--- Data Enclosed Below ---

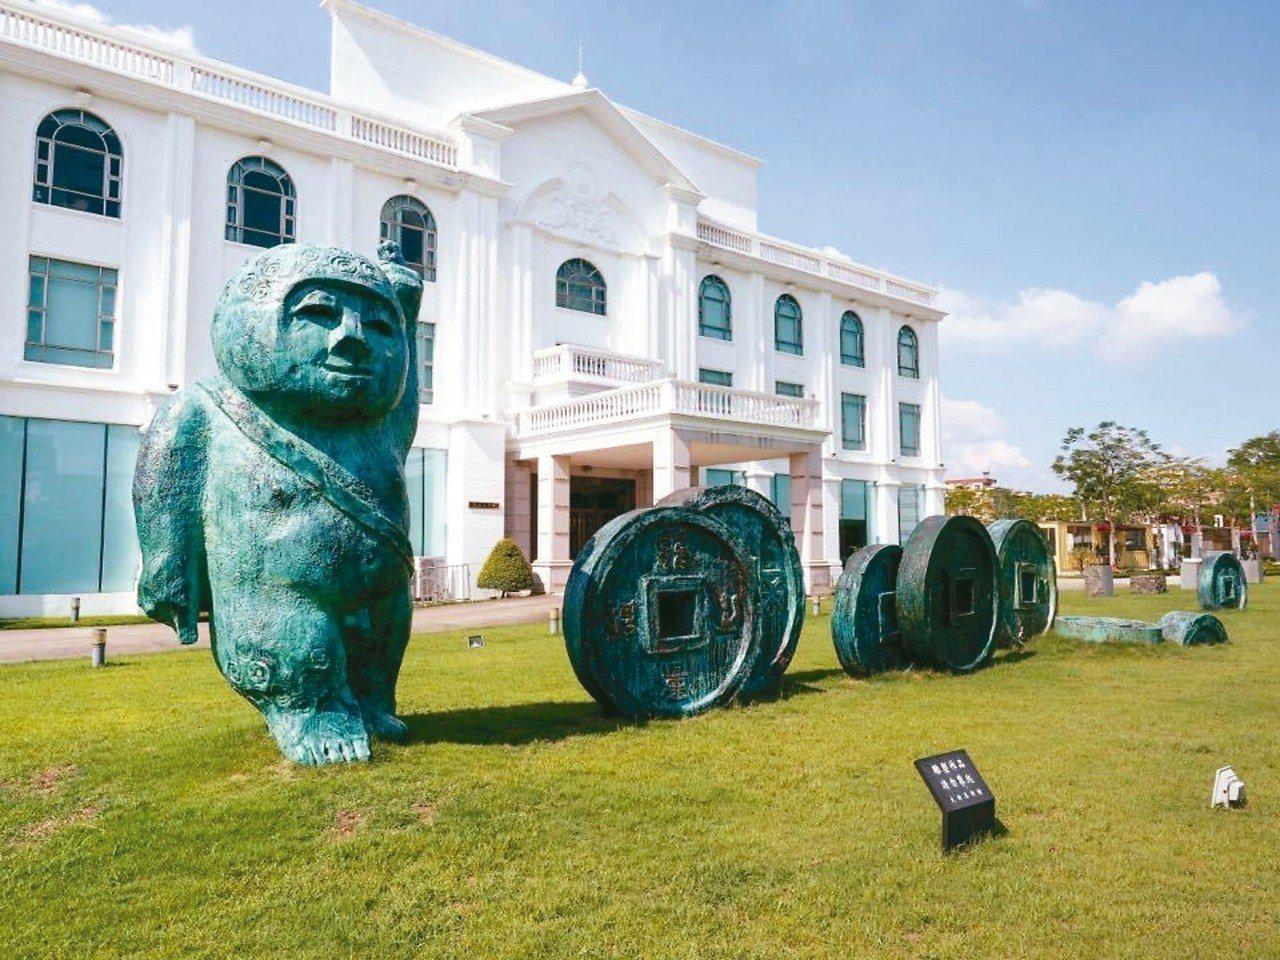 王慶祥成立大新美術館,提供藝術家創作基地與策展空間。 大新美術館/提供
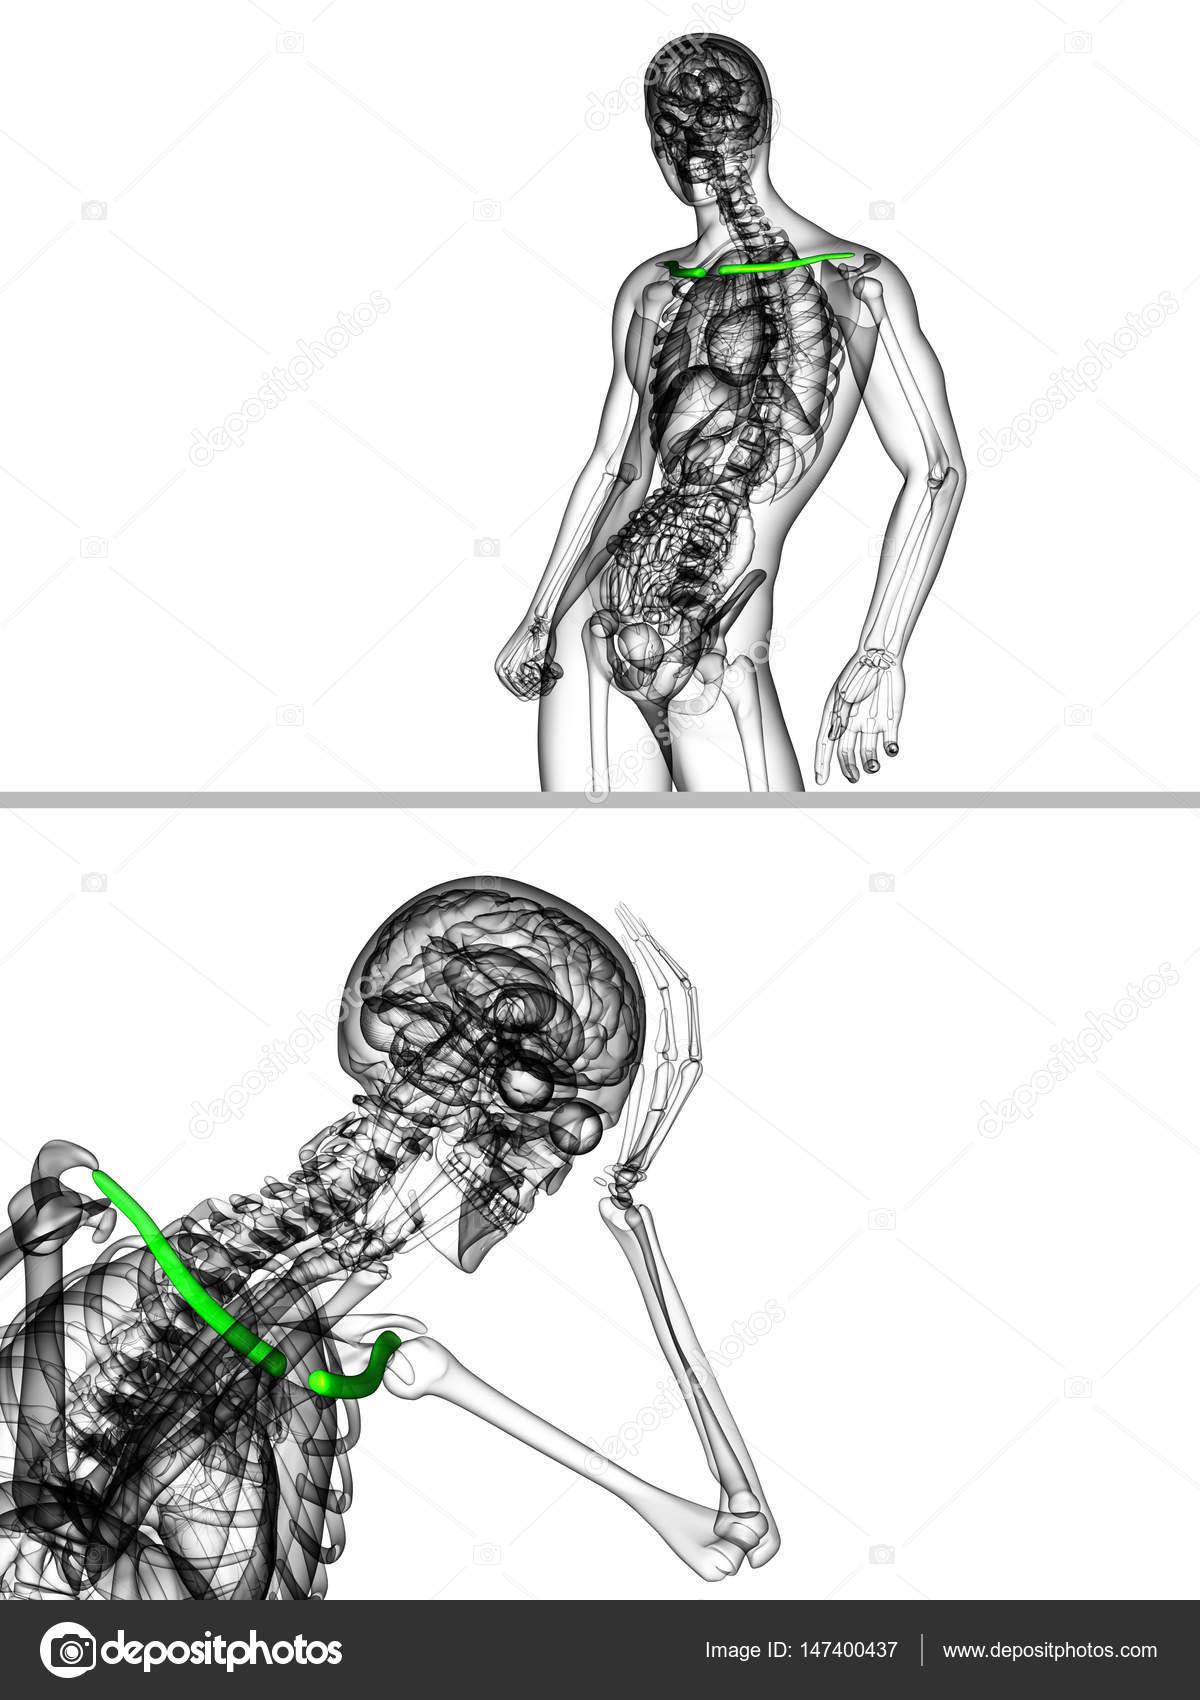 鎖骨の骨の 3 D レンダリングの医療イラスト ストック写真 Maya2008
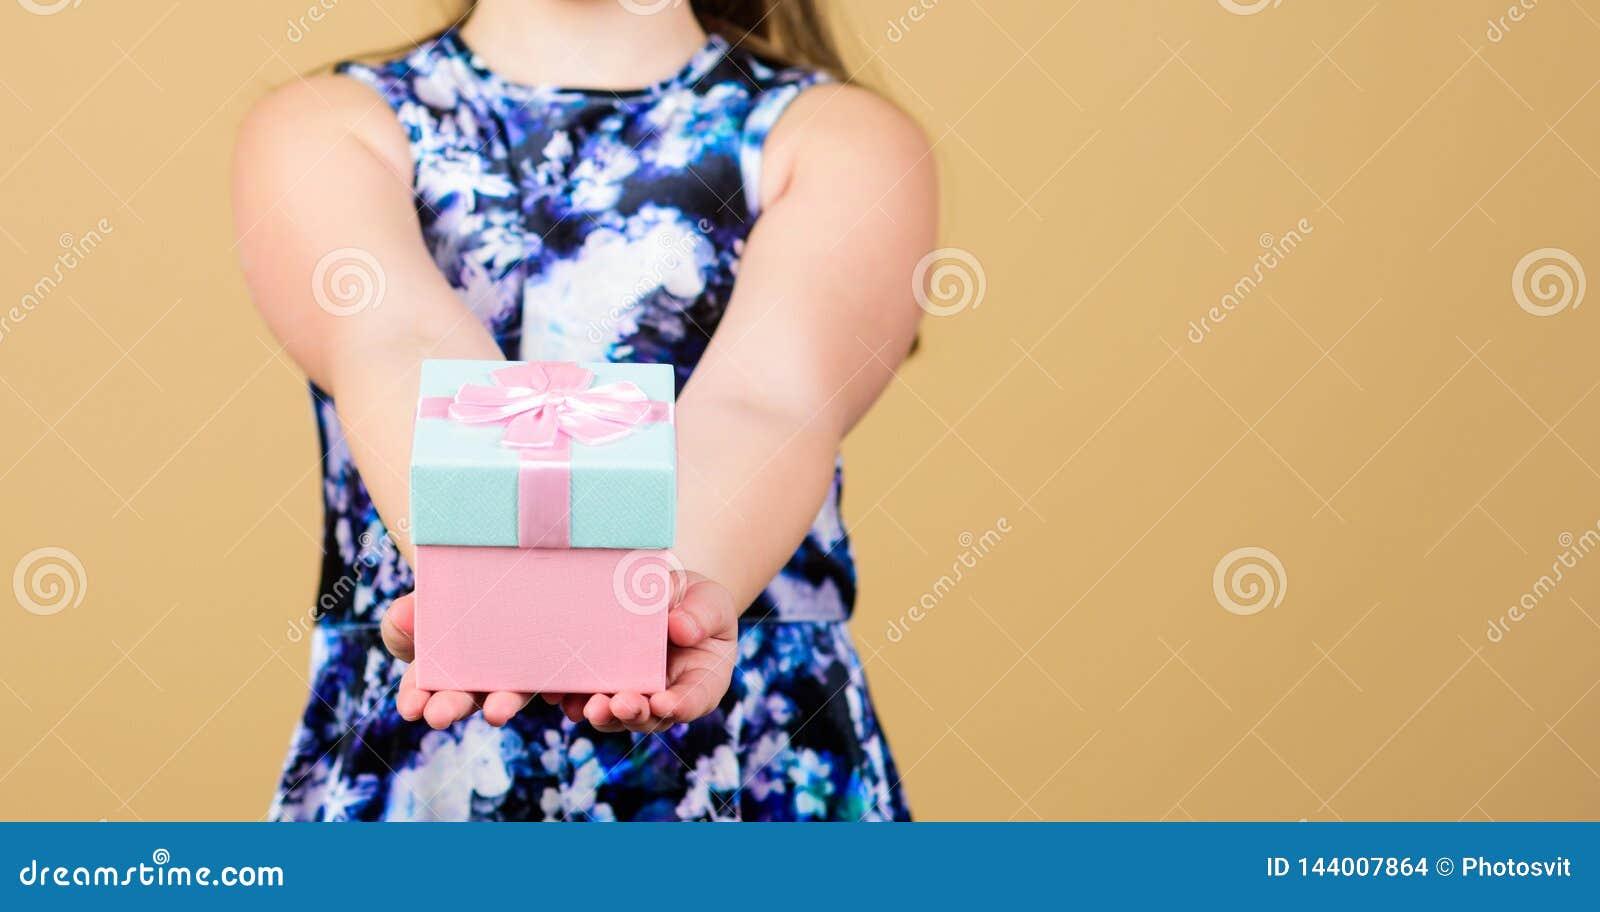 Aktie och generositet Tacka dig så mycket Bakgrund för ask för barnhållgåva beige Förtjust gåva för ungeflicka Förtjusande flicka

--- End of Enclosed Data ---

What to do:
Starting at the line that contains "鎖骨の骨の 3 D レンダリングの医療イラスト ストック写真 Maya2008", restate each line verbatim through the final line of the listing, skipping all pictures.

Task result:
 鎖骨の骨の 3 D レンダリングの医療イラスト ストック写真 Maya2008
 Aktie och generositet Tacka dig så mycket Bakgrund för ask för barnhållgåva beige Förtjust gåva för ungeflicka Förtjusande flicka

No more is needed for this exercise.